Tag Archives: Memory

Exploring Colonial Williamsburg, Monticello, and Yorktown

The past months have given me several opportunities to travel into the Old Dominion State (sorry, that would be Virginia for those not up on state nicknames) and take in several of their historical sites with my family. I thought I’d offer some reflections on the various ways different sites presented their history.

Now, two some caveats. First, I should observe that I’m conflating my trips–although, come to to think of it–if you could manage a historical swing through Virginia that embraced both Revolutionary and Civil War sites you would have plenty to see.

Second, most of the visits were taken with small children in tow. On one hand, I really appreciated being able to expose my kiddos to historical sites and ideas. Seeing their eyes light up with fresh discoveries is terrific. I hope I’m planting some serious historical contexts into their lives. And, at the very least, my 6-year old can now report on the multiple uses of a bayoneted musket on an 18th-century battlefield. On the other hand, this meant I didn’t examine every detail as minutely as I might like. I tend to be a museum completionist, so these visits have altered how I look at things.

Over Spring Break we had the chance to do a three-day stint at Colonial Williamsburg. I was primed to be a bit skeptical, and let’s admit it–there is a faux-quality to trying to reproduce an entire 18th century town while hundreds of 21st century tourists mill around with smart phones. Still, I really enjoyed the experience. I give huge props to the historical interpreters who did great jobs staying in character yet translating for a modern audience who may know very little about Revolutionary Virginia. One woman we saw on successive days in different venues, and she did a fantastic job both times, relating to both children and adults.I enjoyed being able to toss early-America references into my interactions with some of the costumed participants, although I restrained myself from interrogating each of them on how they saw liberalism vs. republicanism motivating their desire for independence.

Our super-interpreter.

Our super-interpreter.

Exploring the town gave a great sense of scale. It only had about 2000 permanent residents at the Revolution–yet it was a key site for Virginia politics.

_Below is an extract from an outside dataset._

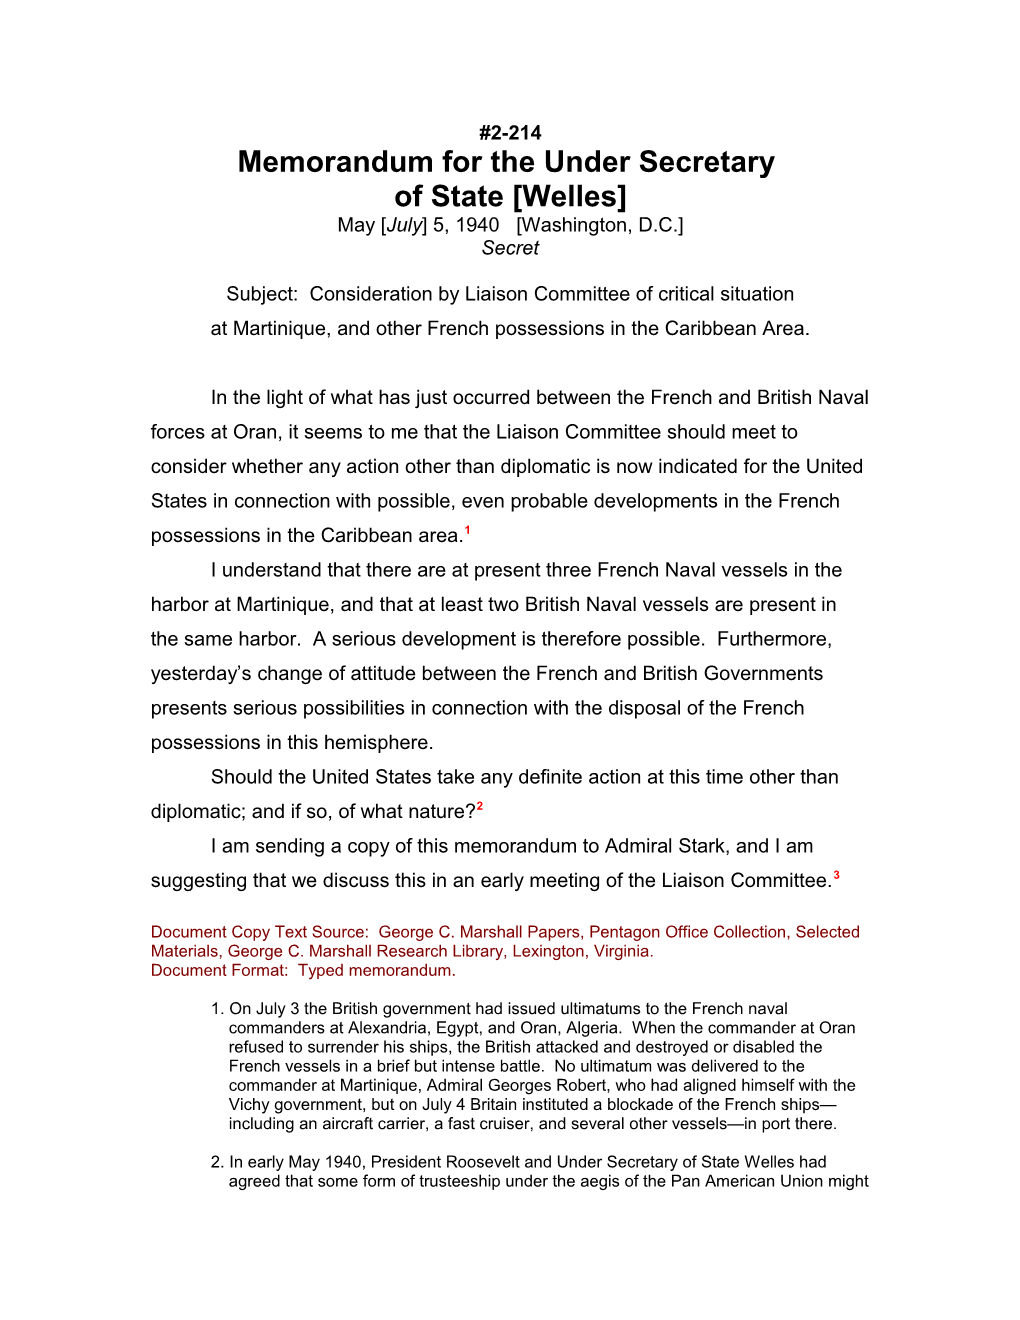 Memorandum for the Under Secretary
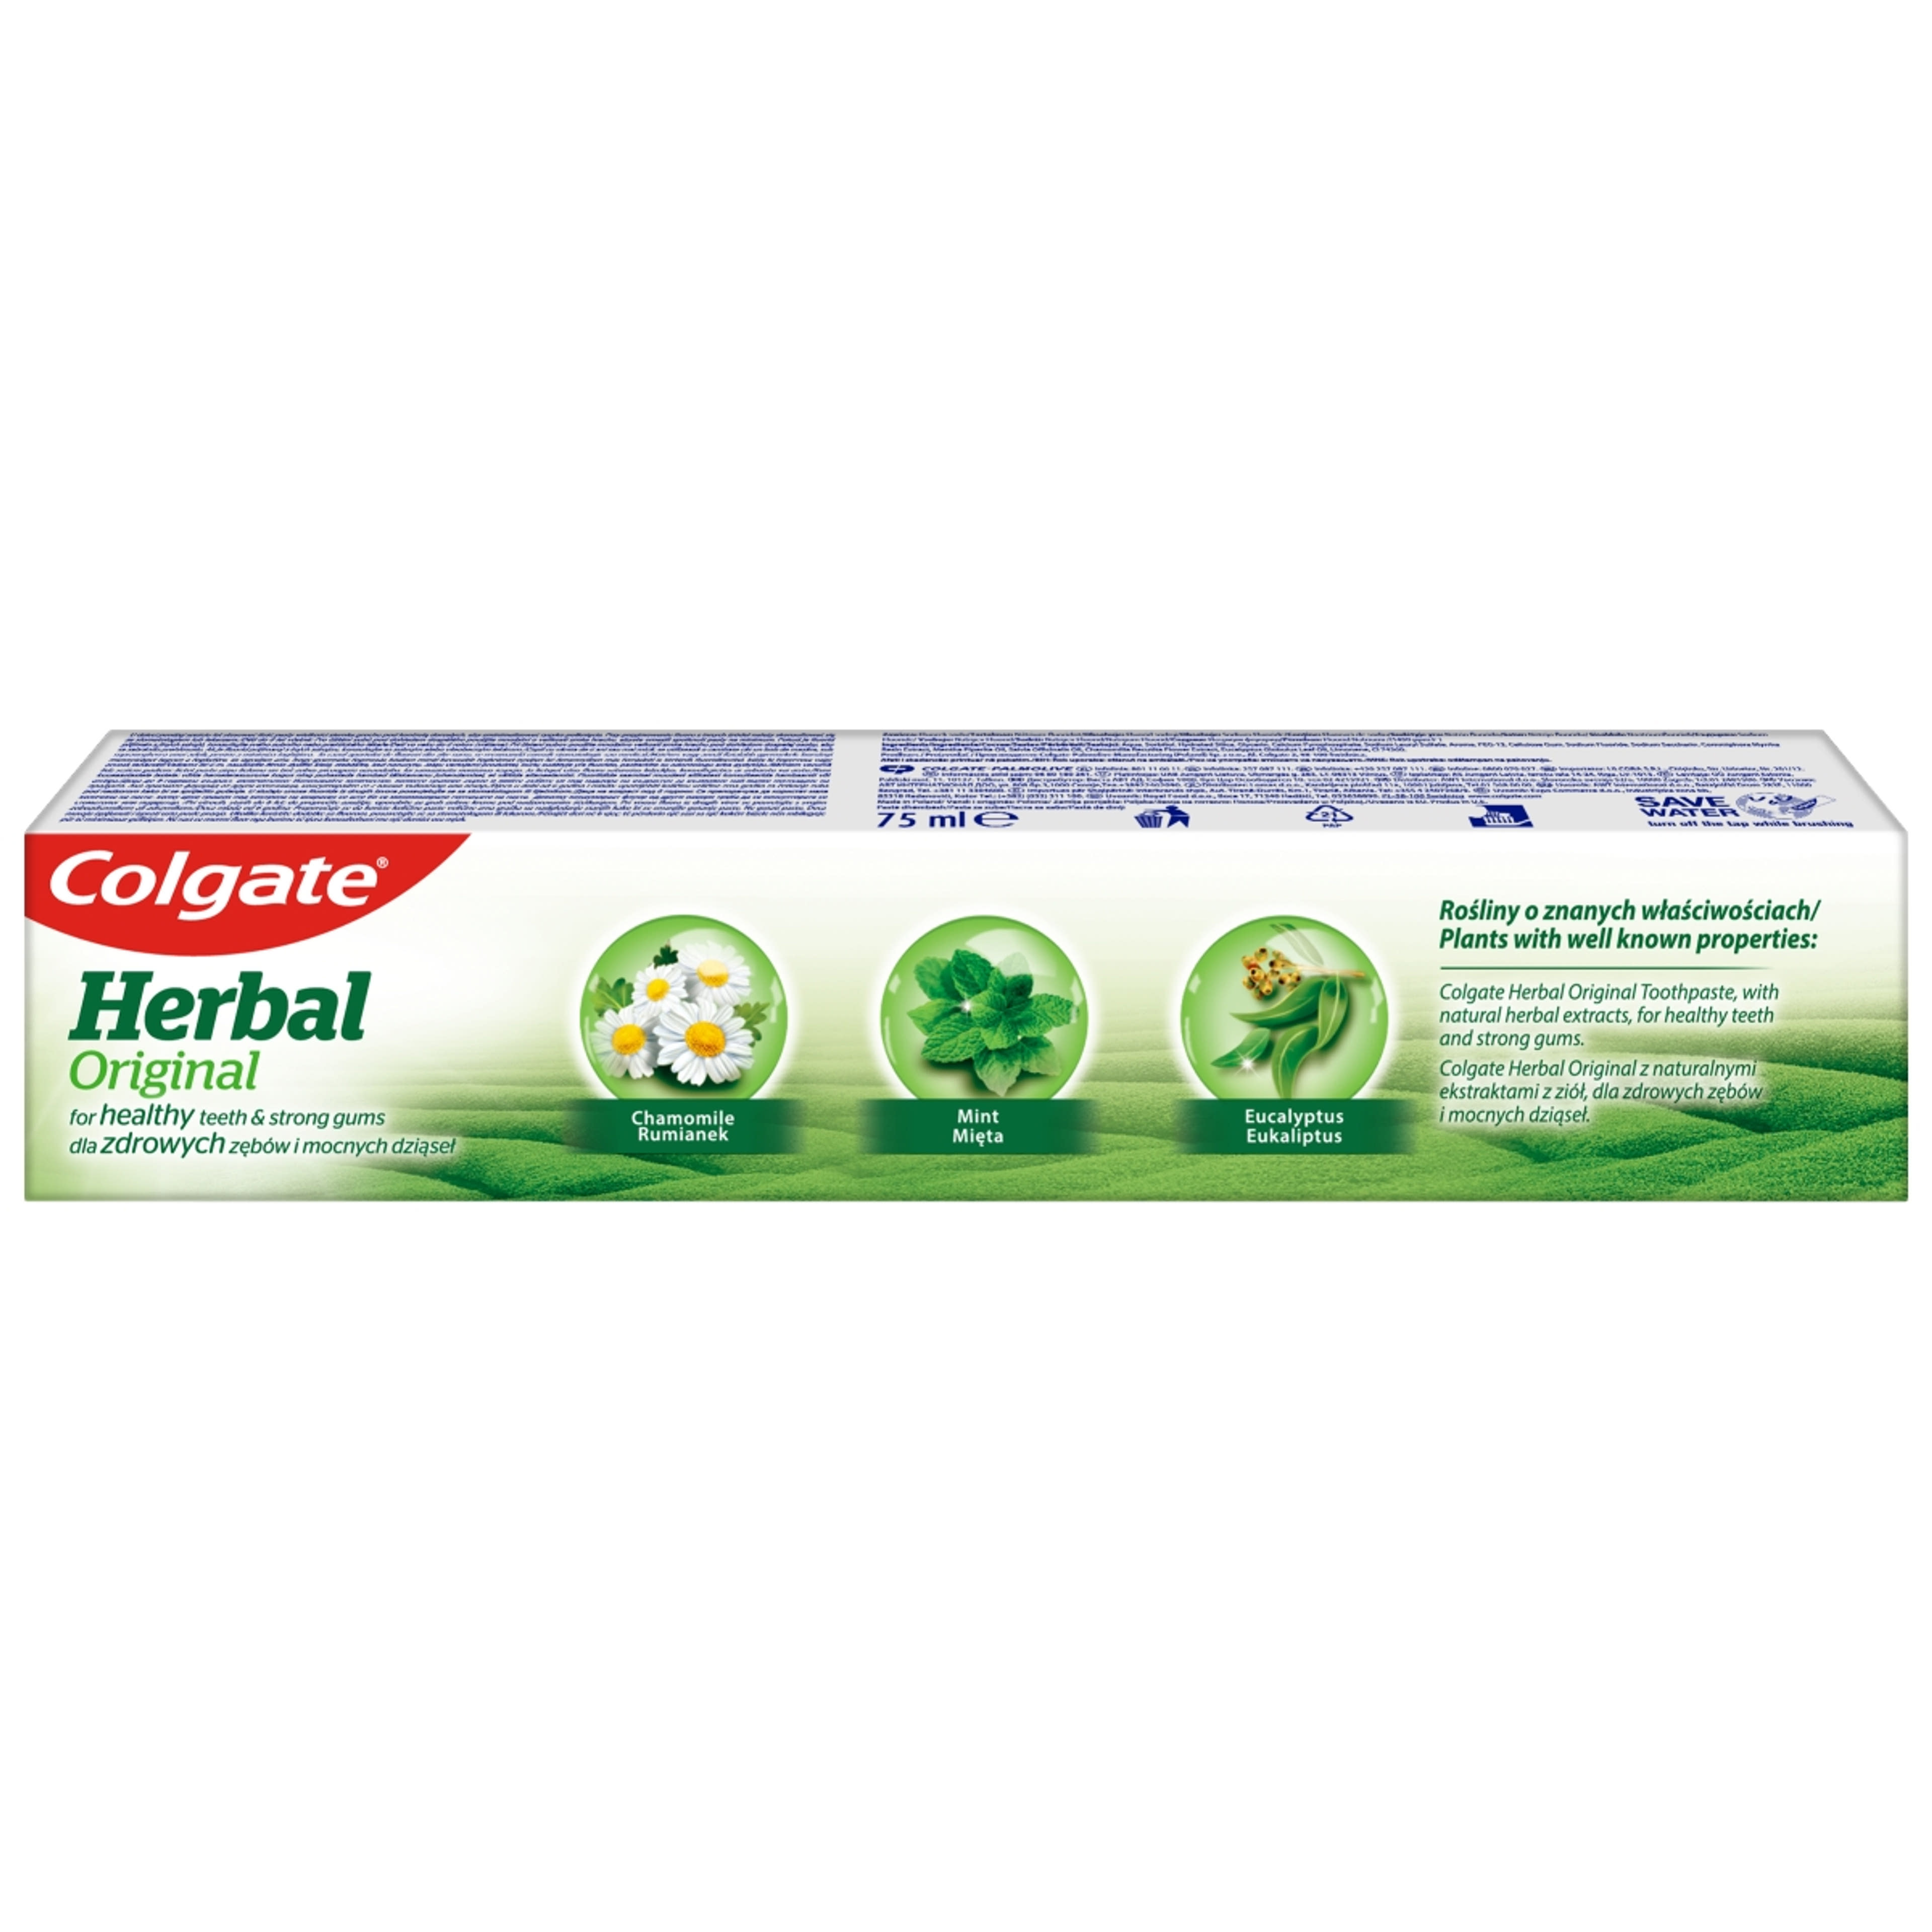 Colgate Herbal Original fogkrém - 75 ml-3

A crowd gathering in front of the capitol or powder magazine could get to the governor’s mansion in a matter of minutes–time for passions to build but not to cool.

The gate to the Governor's Palace

The gate to the Governor’s Palace

The strategy of Colonial Williamsburg might be labelled “living history,” and by doing it well I thought the program allowed an imaginative leap into the era of the American Revolution.

Too much historical reality?

Too much historical reality?

By contrast, the approach at Monticello might be termed a “great man/great house” presentation. Part of the presentation focused on the architectural beauty that is Monticello. Being there to soak in the Palladian structure carries definite weight. The presentation inside the house was quite respectful of “Mr. Jefferson,” which one would expect. Still, the guide was well-read on Jefferson’s world and so was able to contextualize the house’s contents and meanings when asked.

IMG_0291Monticello has also expanded its treatment of slavery at Monticello and worked the Hemings family into the story. I appreciated the archaeological work that had been done to map out the slave outbuildings, which suggested that Monticello was a bustling concern with lots of inhabitants, not only a graceful structure serving a few whites.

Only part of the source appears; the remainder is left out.